WORK TO BE COMPLETED ▸ Your job is to retype all of the data word for word, leaving every image out.

── GIVEN MATERIAL

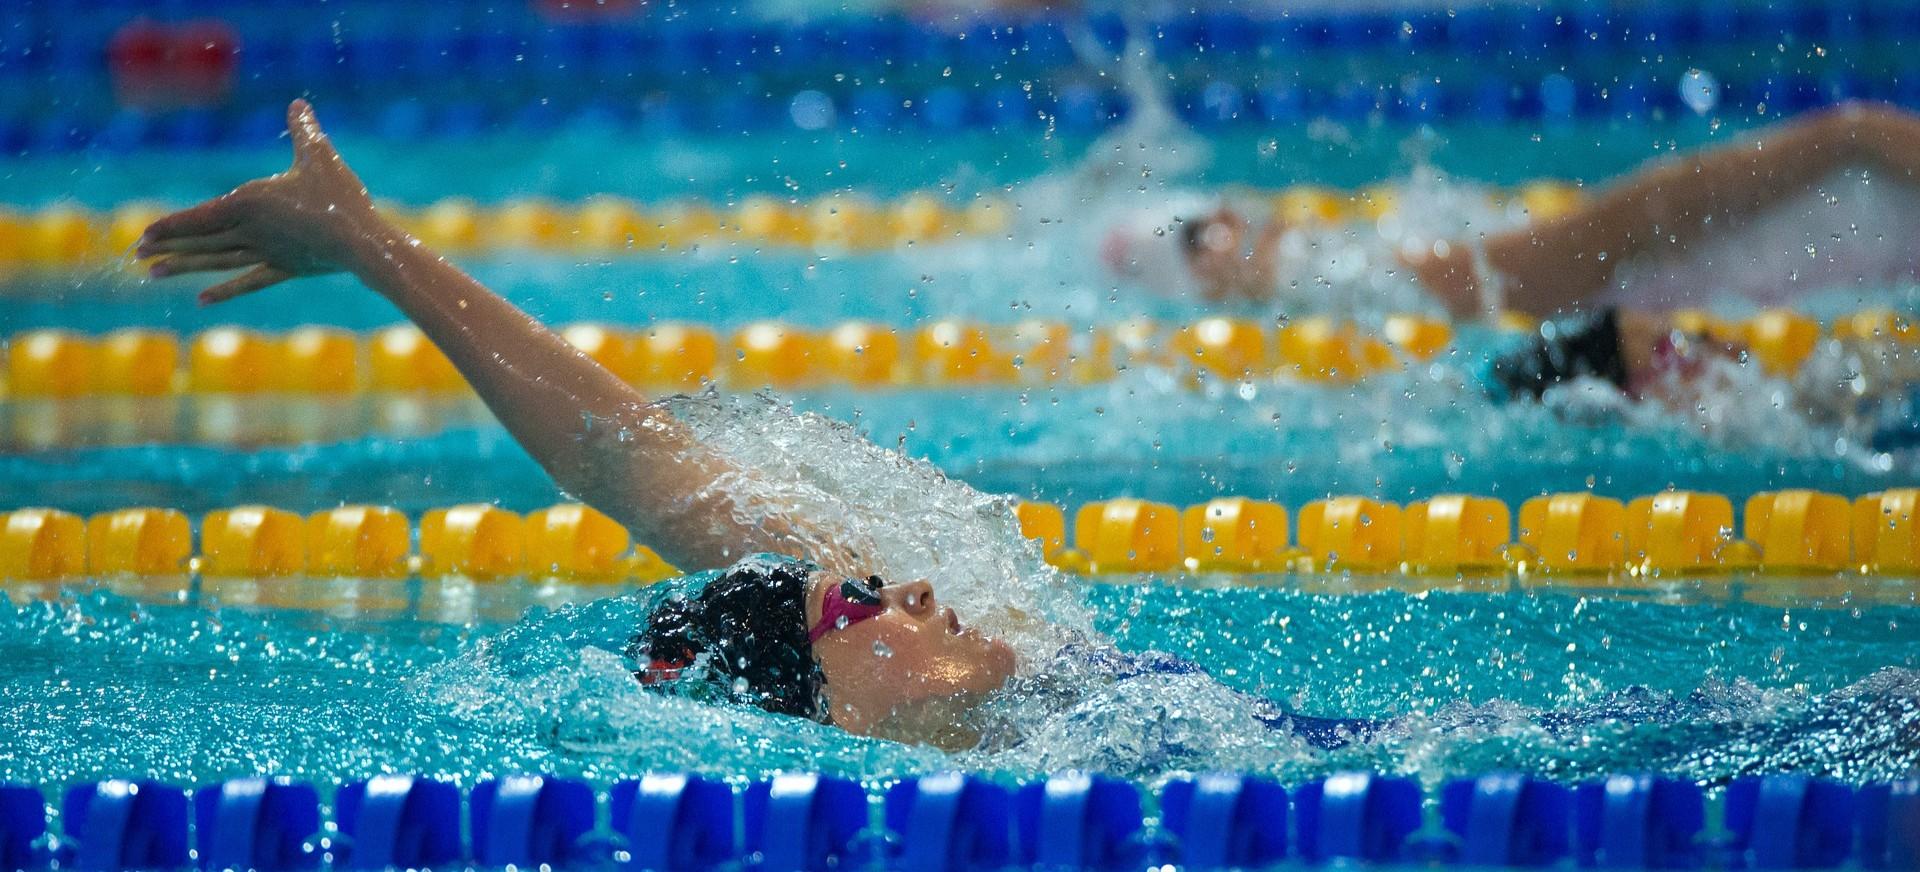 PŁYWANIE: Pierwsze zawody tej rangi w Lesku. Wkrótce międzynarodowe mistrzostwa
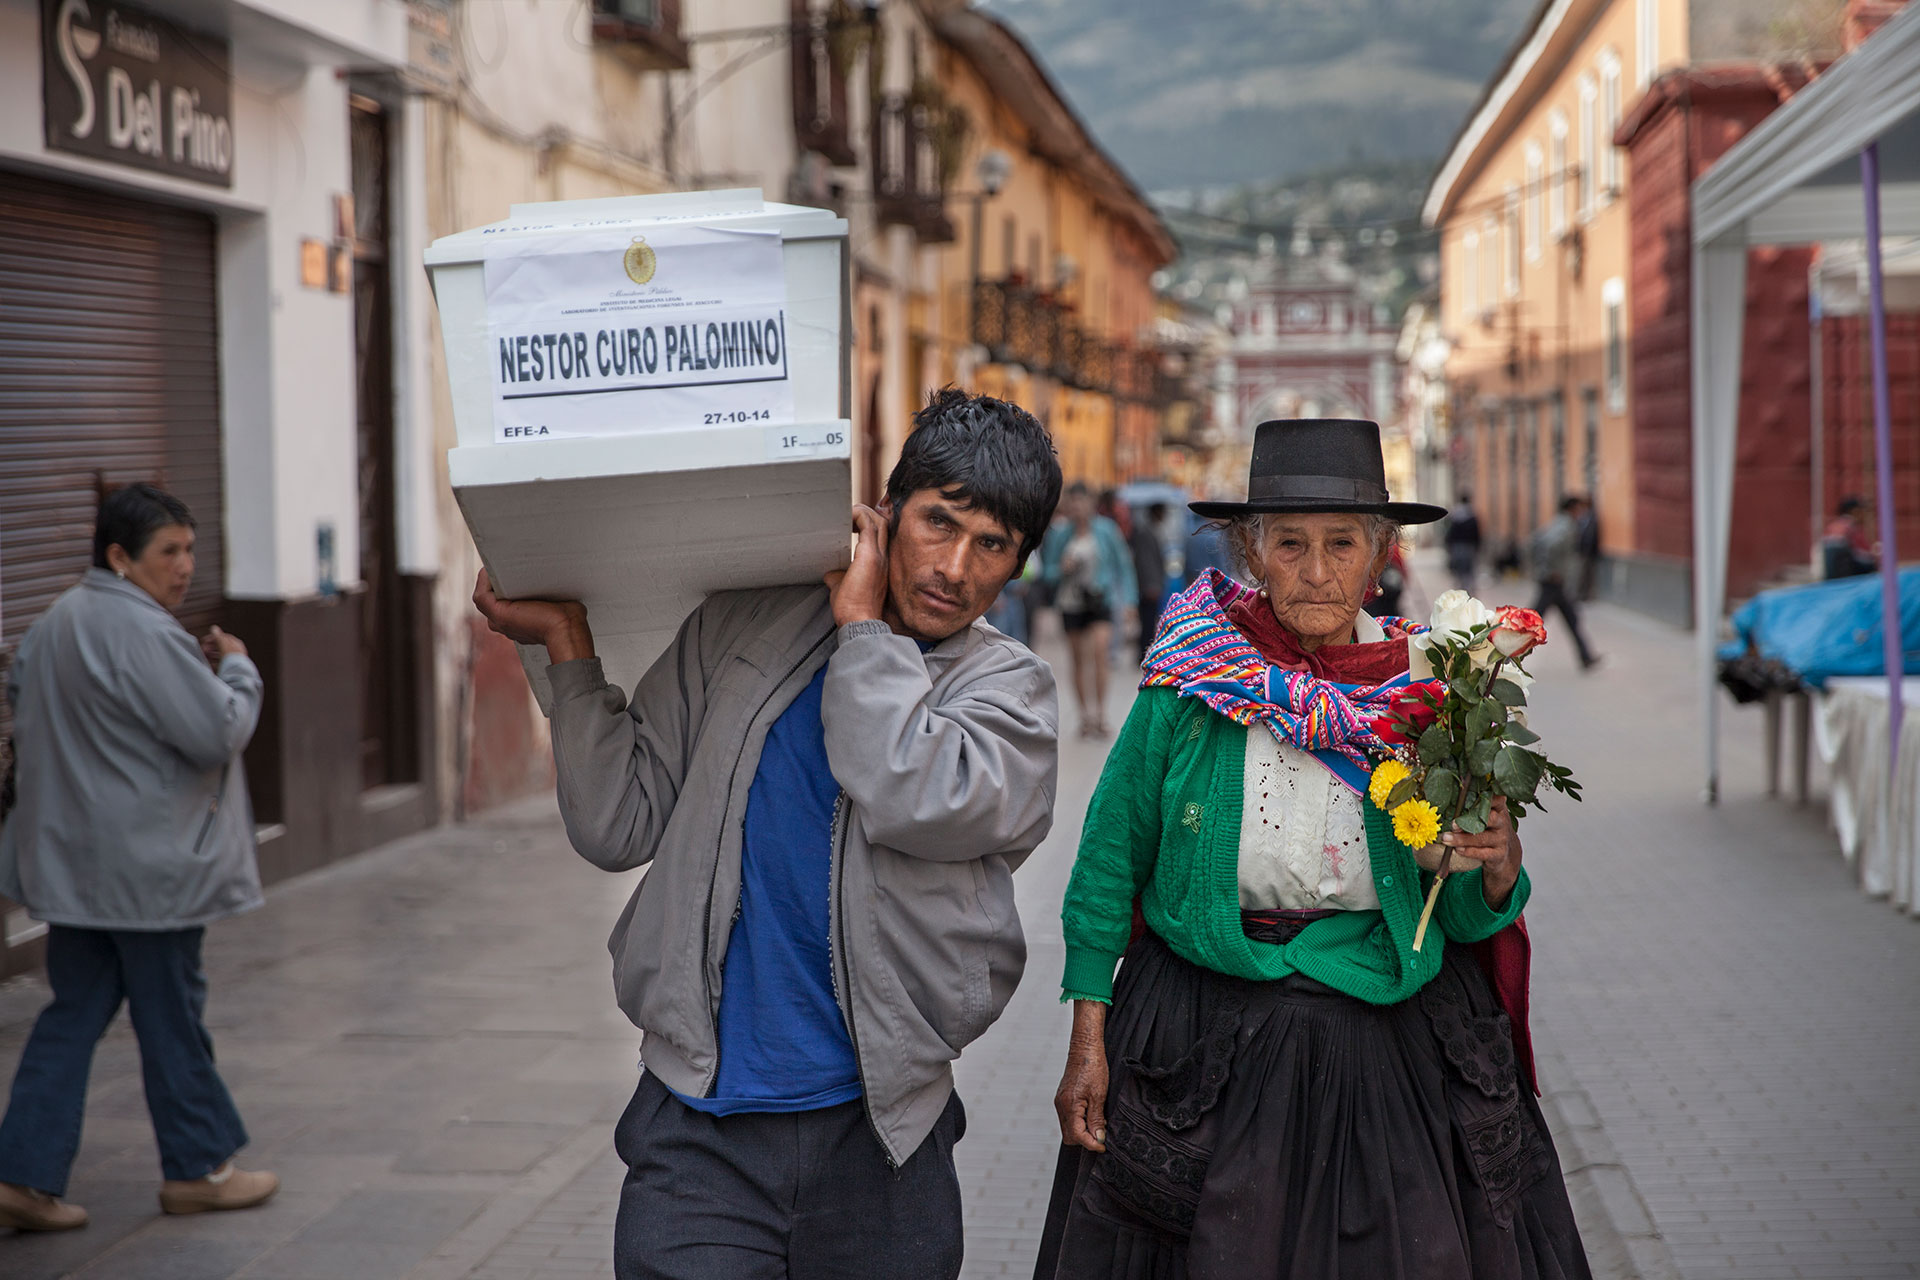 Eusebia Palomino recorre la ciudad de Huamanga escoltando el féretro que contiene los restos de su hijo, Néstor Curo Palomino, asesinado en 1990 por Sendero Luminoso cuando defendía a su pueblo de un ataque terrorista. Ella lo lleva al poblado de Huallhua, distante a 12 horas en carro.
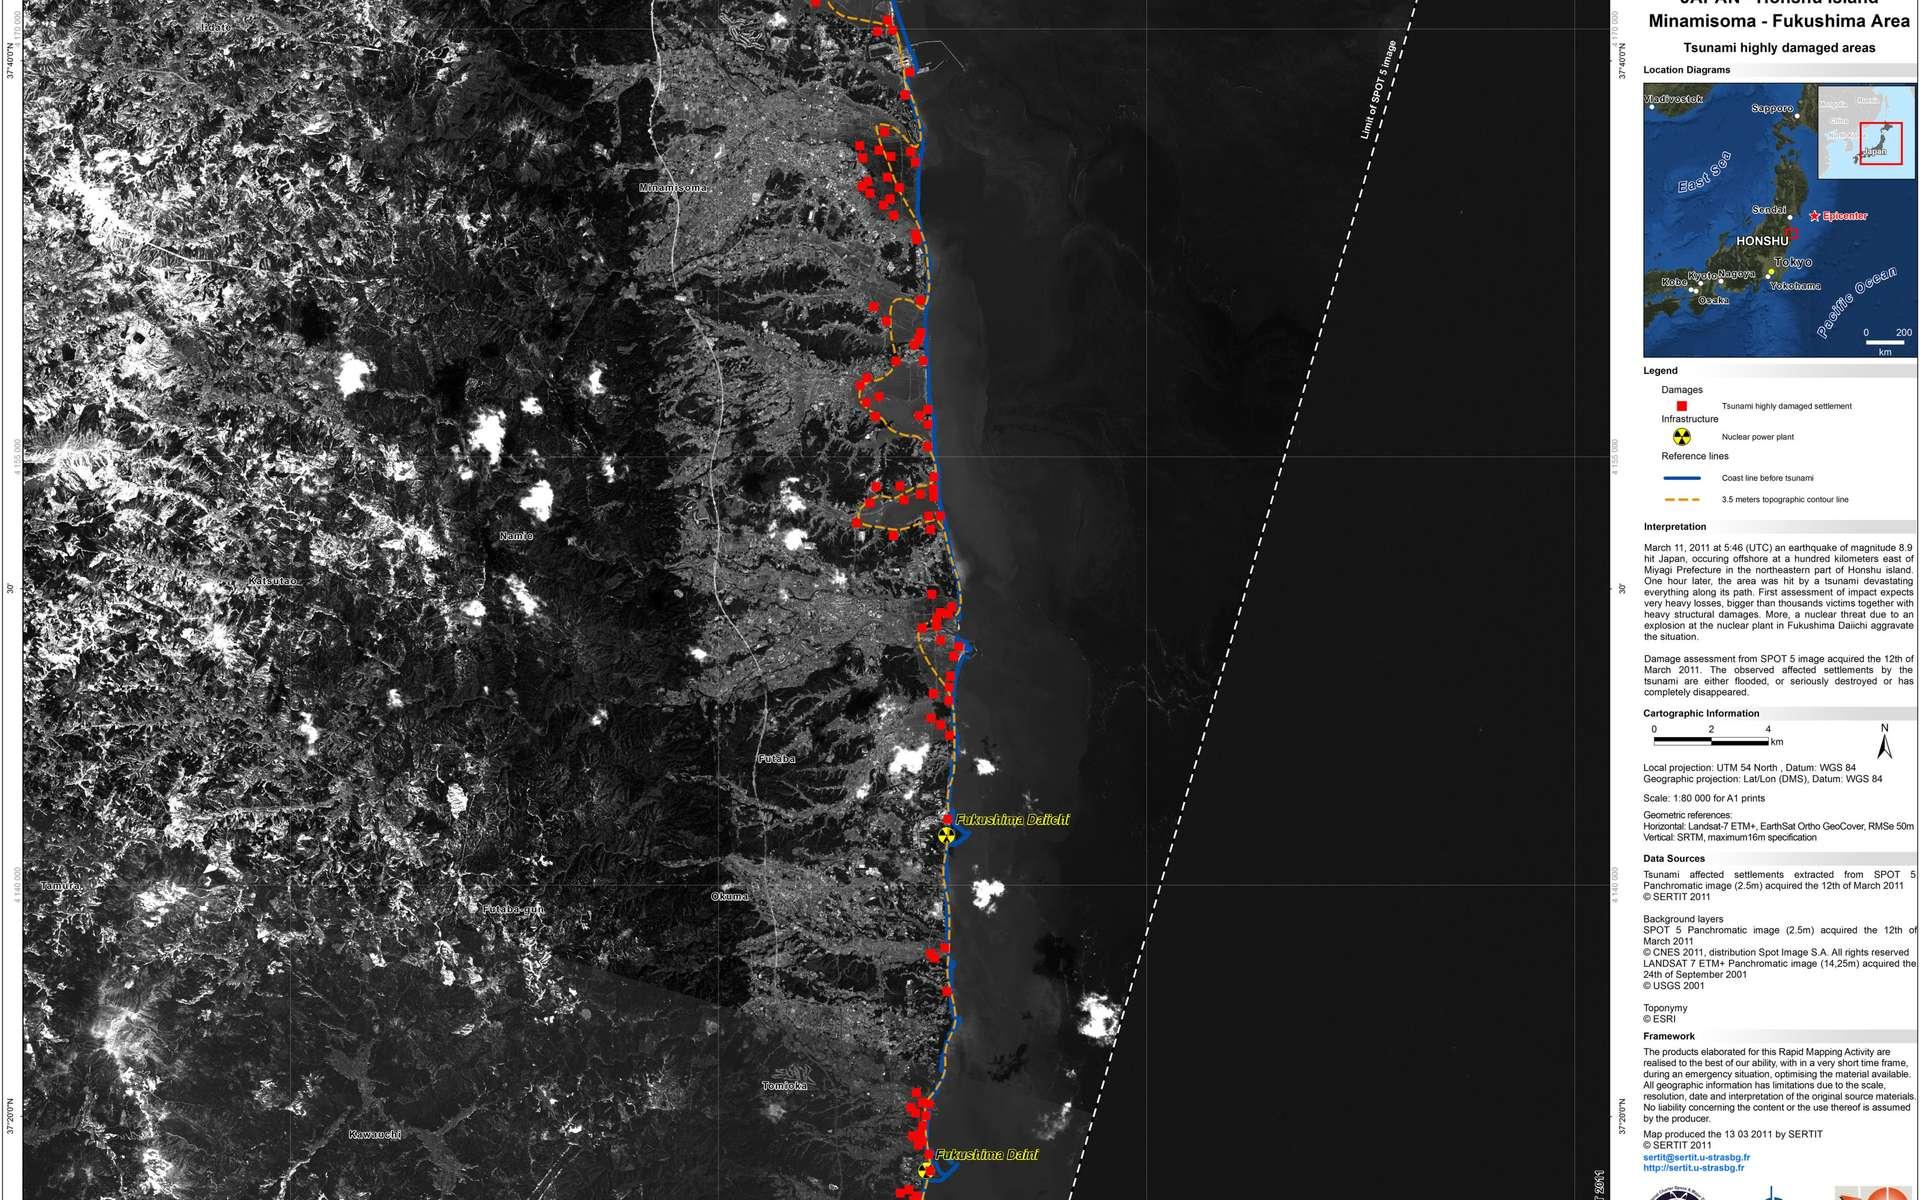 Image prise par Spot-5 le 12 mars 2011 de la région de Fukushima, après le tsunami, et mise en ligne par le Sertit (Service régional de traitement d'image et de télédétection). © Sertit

────

EXPECTED ANSWER ▸
 PŁYWANIE: Pierwsze zawody tej rangi w Lesku. Wkrótce międzynarodowe mistrzostwa
 Eusebia Palomino recorre la ciudad de Huamanga escoltando el féretro que contiene los restos de su hijo, Néstor Curo Palomino, asesinado en 1990 por Sendero Luminoso cuando defendía a su pueblo de un ataque terrorista. Ella lo lleva al poblado de Huallhua, distante a 12 horas en carro.
 Image prise par Spot-5 le 12 mars 2011 de la région de Fukushima, après le tsunami, et mise en ligne par le Sertit (Service régional de traitement d'image et de télédétection). © Sertit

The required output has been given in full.